» Task
Please repeat, exactly and without pictures, the lines of the entries below that run from the one containing "Evolution Group Náušnice" through the one containing "John I Dent".

Exercise material Start Marker

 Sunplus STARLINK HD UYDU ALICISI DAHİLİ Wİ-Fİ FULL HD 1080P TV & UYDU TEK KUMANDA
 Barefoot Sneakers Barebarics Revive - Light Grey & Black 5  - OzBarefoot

Exercise material End Marker
Exercise material Start Marker

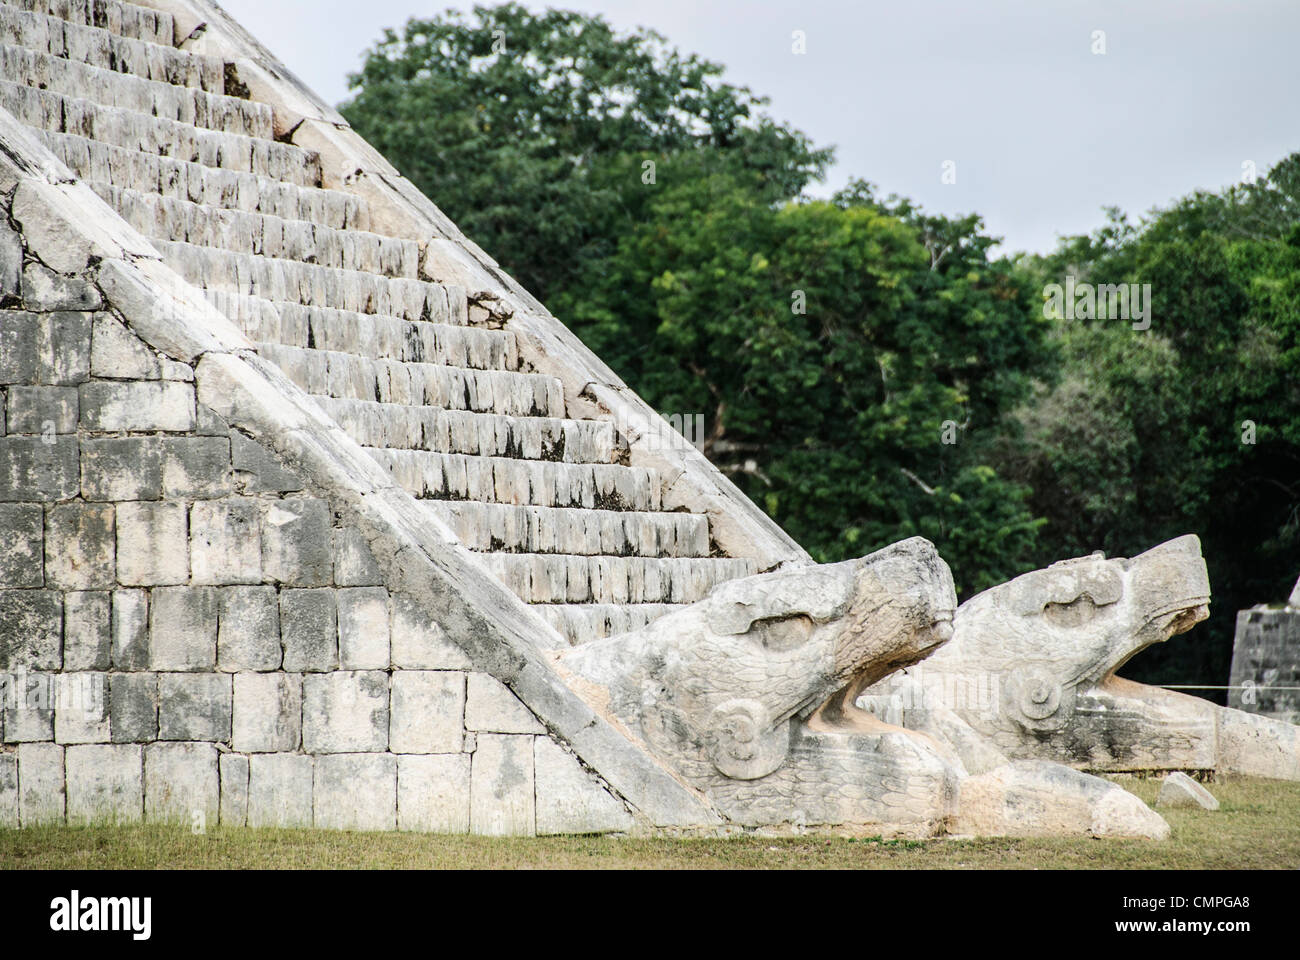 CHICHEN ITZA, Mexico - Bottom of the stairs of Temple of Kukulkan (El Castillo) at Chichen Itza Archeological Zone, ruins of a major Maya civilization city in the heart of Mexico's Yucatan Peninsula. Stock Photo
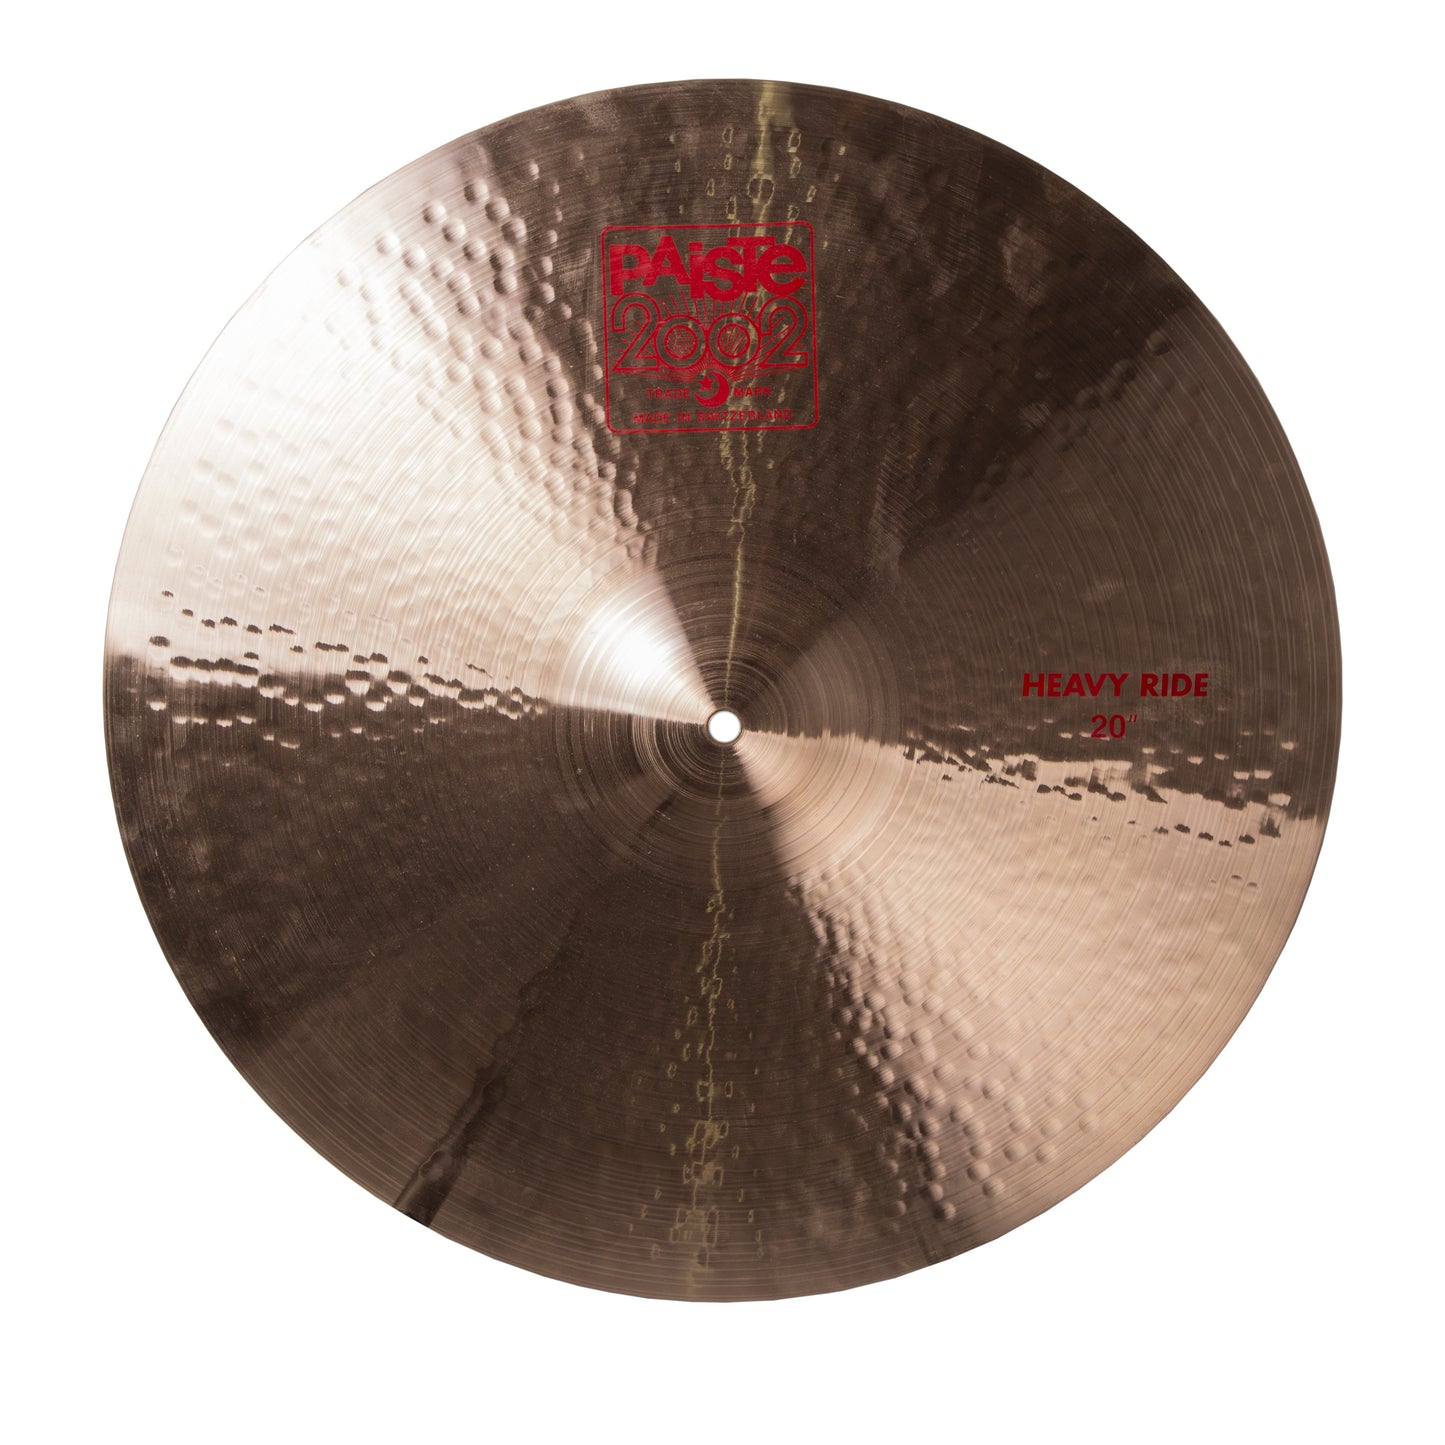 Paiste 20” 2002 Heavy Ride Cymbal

Exercise material End Marker
Exercise material Start Marker

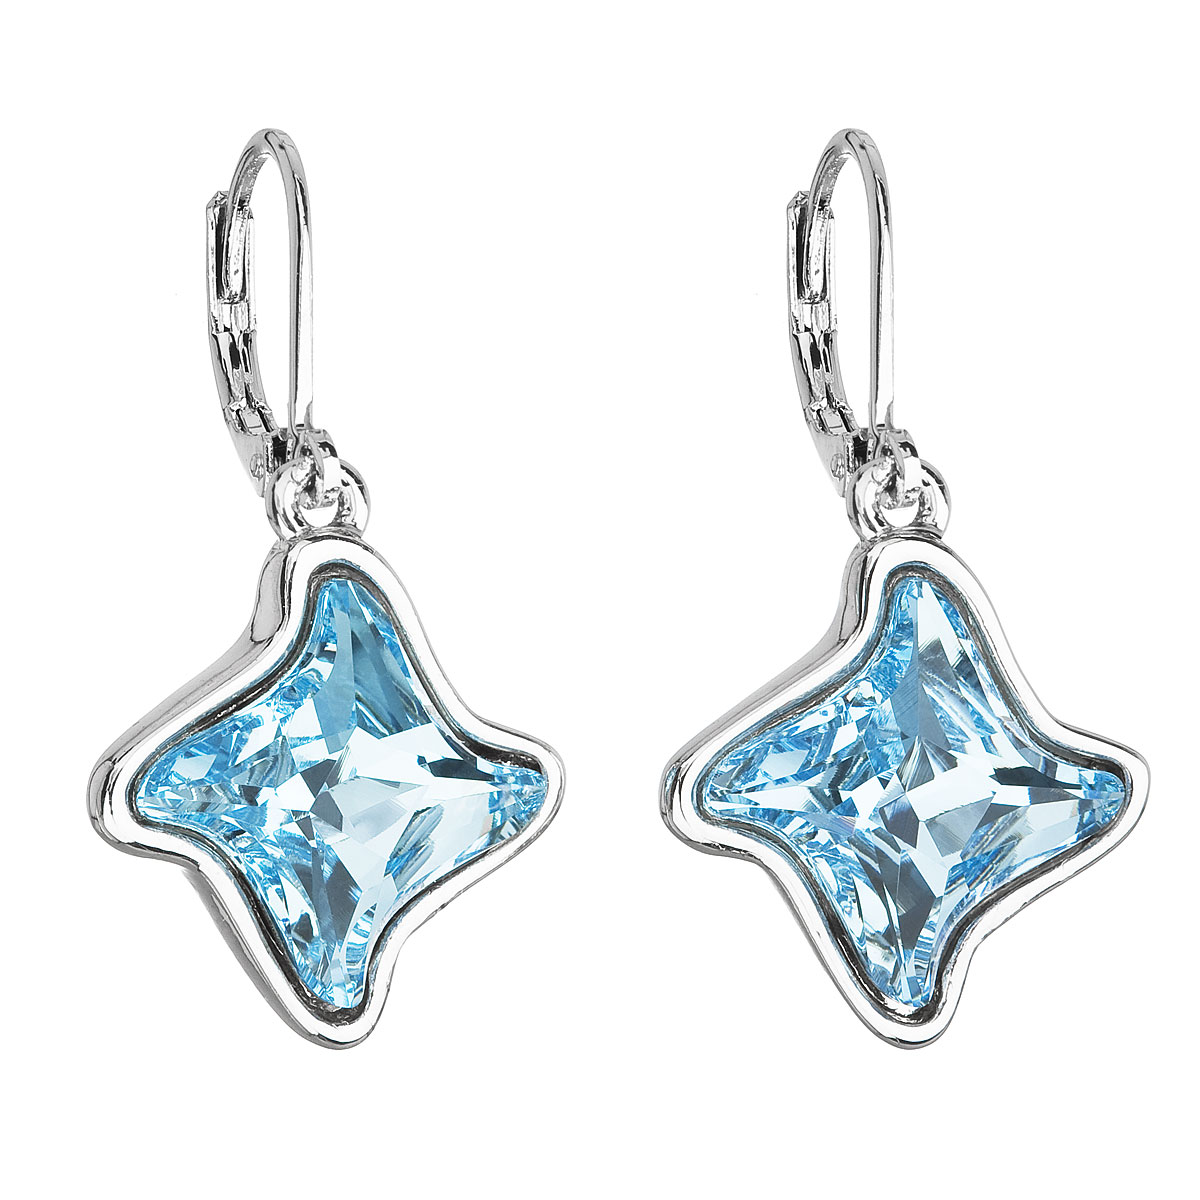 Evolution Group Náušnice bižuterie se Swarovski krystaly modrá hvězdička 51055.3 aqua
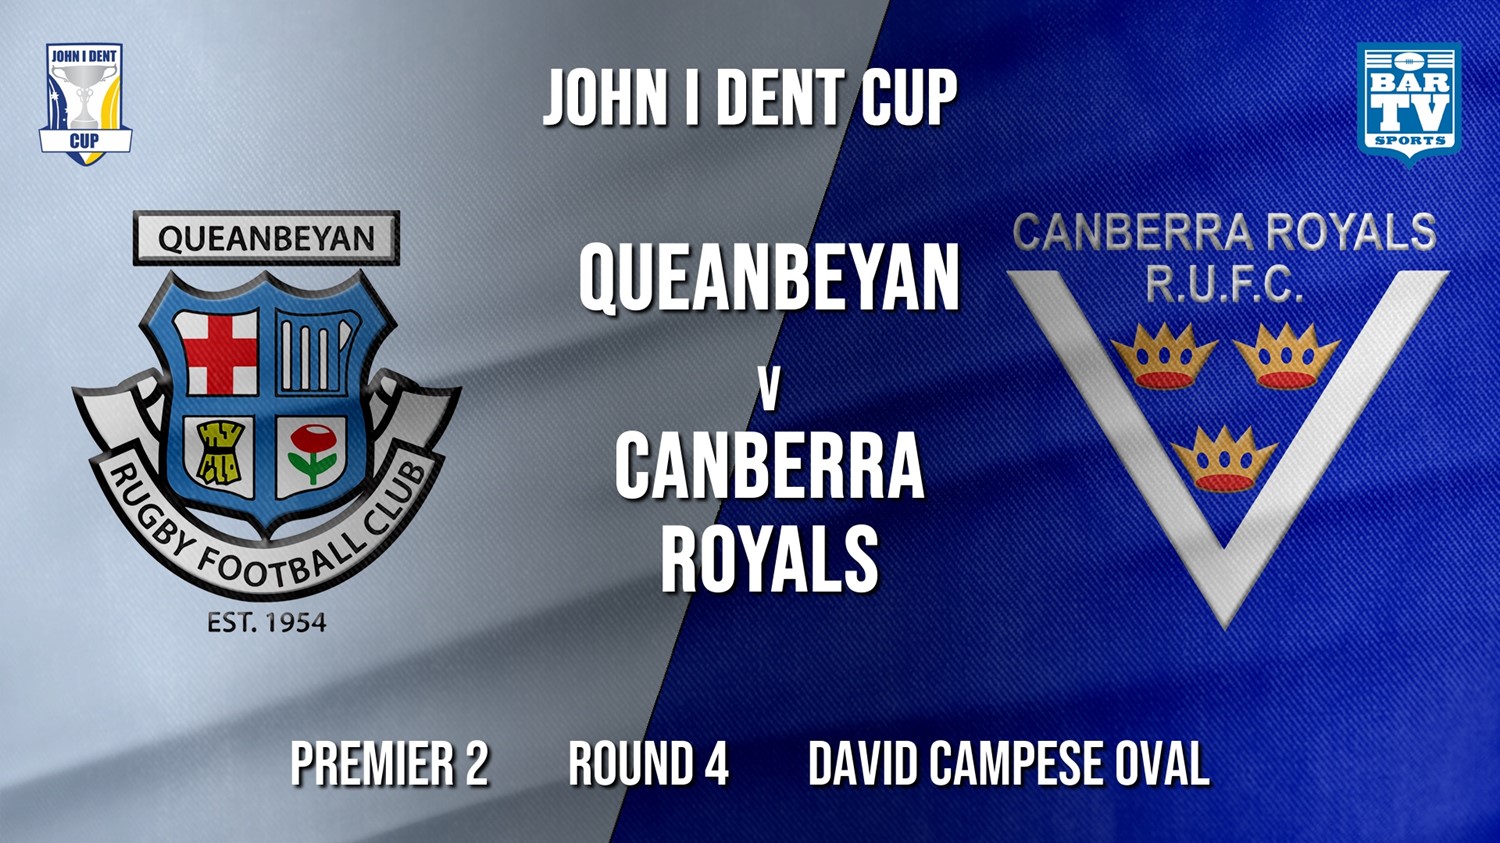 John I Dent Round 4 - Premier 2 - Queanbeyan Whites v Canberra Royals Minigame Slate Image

Exercise material End Marker

» Written answer
 Evolution Group Náušnice bižuterie se Swarovski krystaly modrá hvězdička 51055.3 aqua
 John I Dent Round 4 - Premier 2 - Queanbeyan Whites v Canberra Royals Minigame Slate Image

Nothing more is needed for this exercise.